Comment on W. Erwin Diewert's, "Index Number Theory Using Differences Rather Than Ratios"
Shapiro, Matthew D., The American Journal of Economics and Sociology
A SUBSTANTIAL FRACTION of what we know about how to construct measurements that are good approximations to the change in the cost of living owes to Irving Fisher. His Ideal price index was invented to address the vexing, although fairly narrowly defined, question of how to measure changes in the purchasing power of money. Fisher's thinking about index numbers is based on economics rather than accounting, based on prices and quantities rather than prices alone, and based, perhaps most critically, on multiplication rather than addition. Fisher's index is becoming incorporated in many aspects of the statistical system.
* As of the last major benchmark revision of the National Income and Product Accounts, the Bureau of Economic Analysis has adopted a feasible approximation of Fisher's Ideal index for measuring both the change in price and quantity.
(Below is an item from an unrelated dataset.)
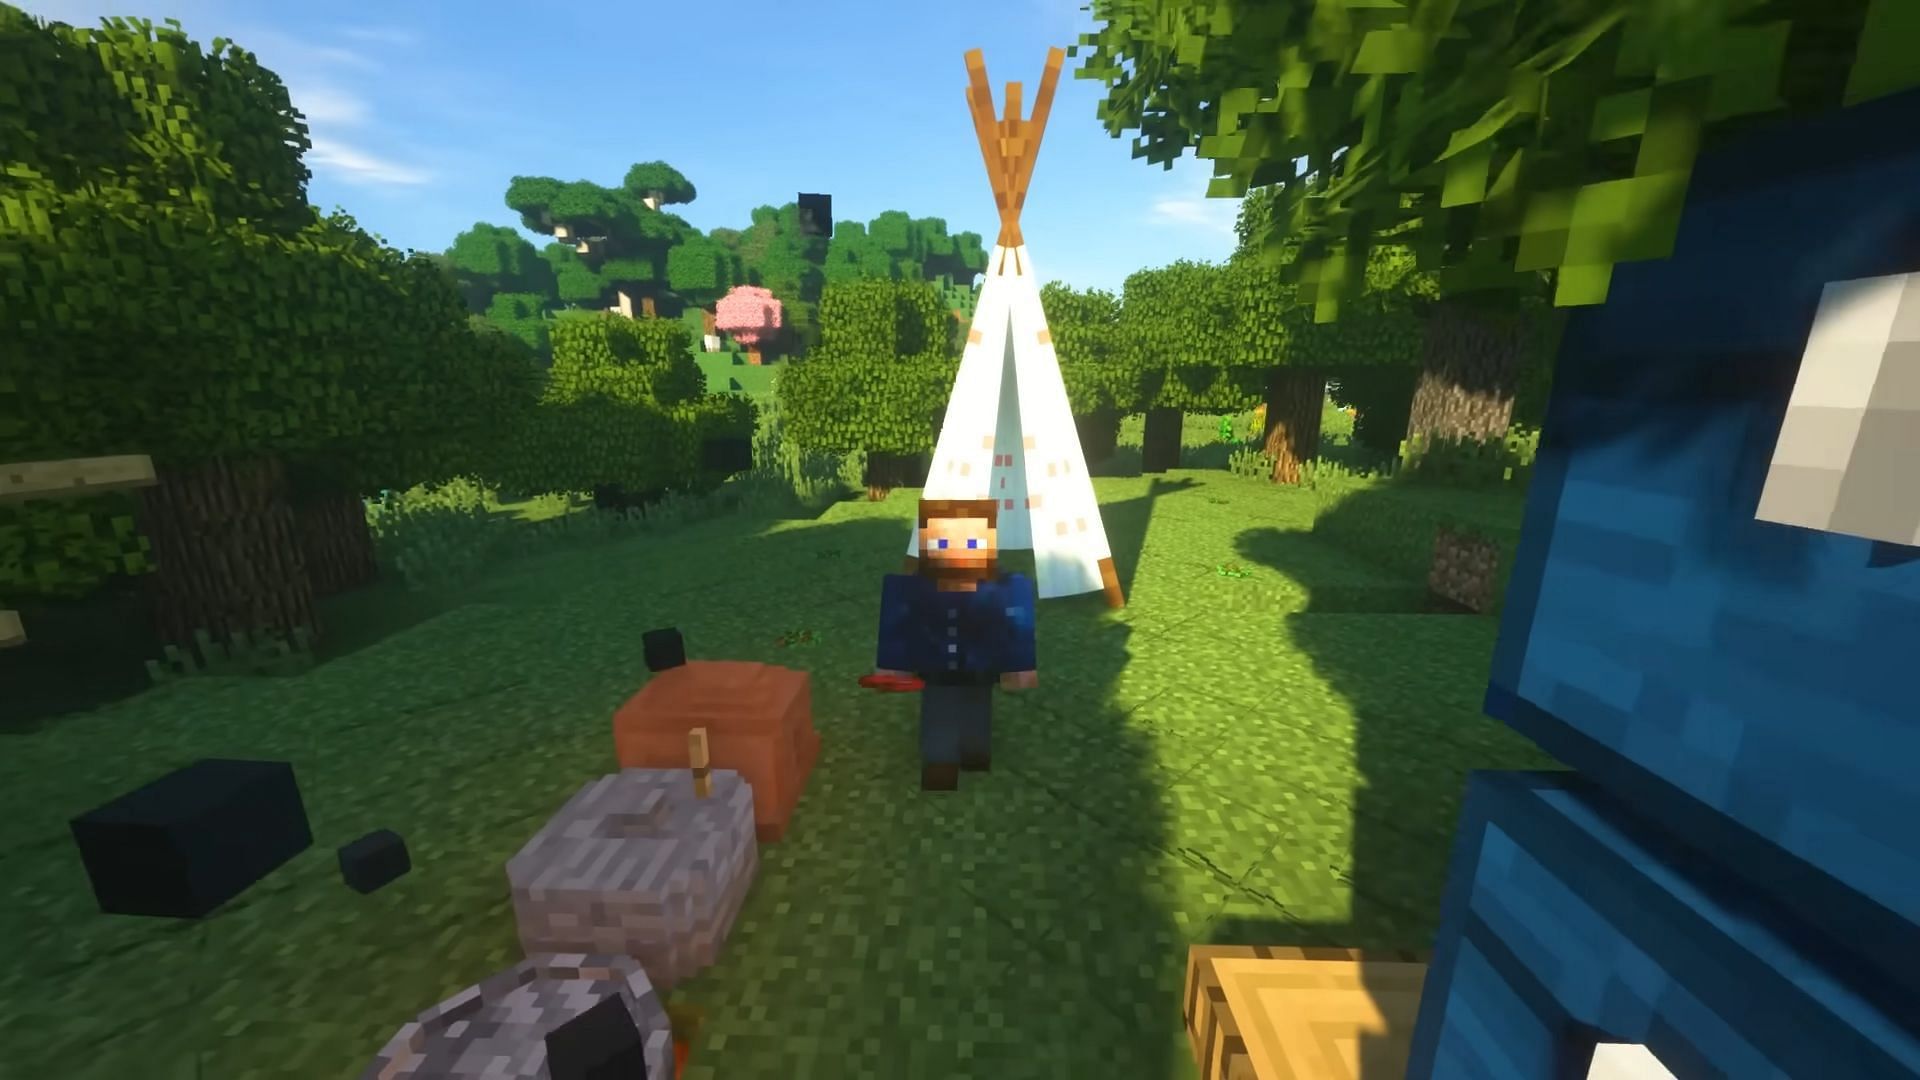 Turn Minecraft into a trip through the ages of humanity in Sevtech: Ages (Image via ChosenArchitect/YouTube)

This major switch away from double deflation means that--at least for broad aggregates--the national statistics correctly account for the reaction of supply and demand to relative prices.
* Fisher's ideas about how to construct elementary price indexes, in other words, how to average individual observations on the price of bread to obtain a price index for bread, are also gaining currency. Despite stern warnings in Fisher's writings, the Bureau of Labor Statistics has used an arithmetic rather than a geometric average. In the face of growing evidence supporting Fisher's views, the Bureau of Labor Statistics (BLS) experimented with a geometric index and announced its intention to use it for parts of the Consumer Price Index.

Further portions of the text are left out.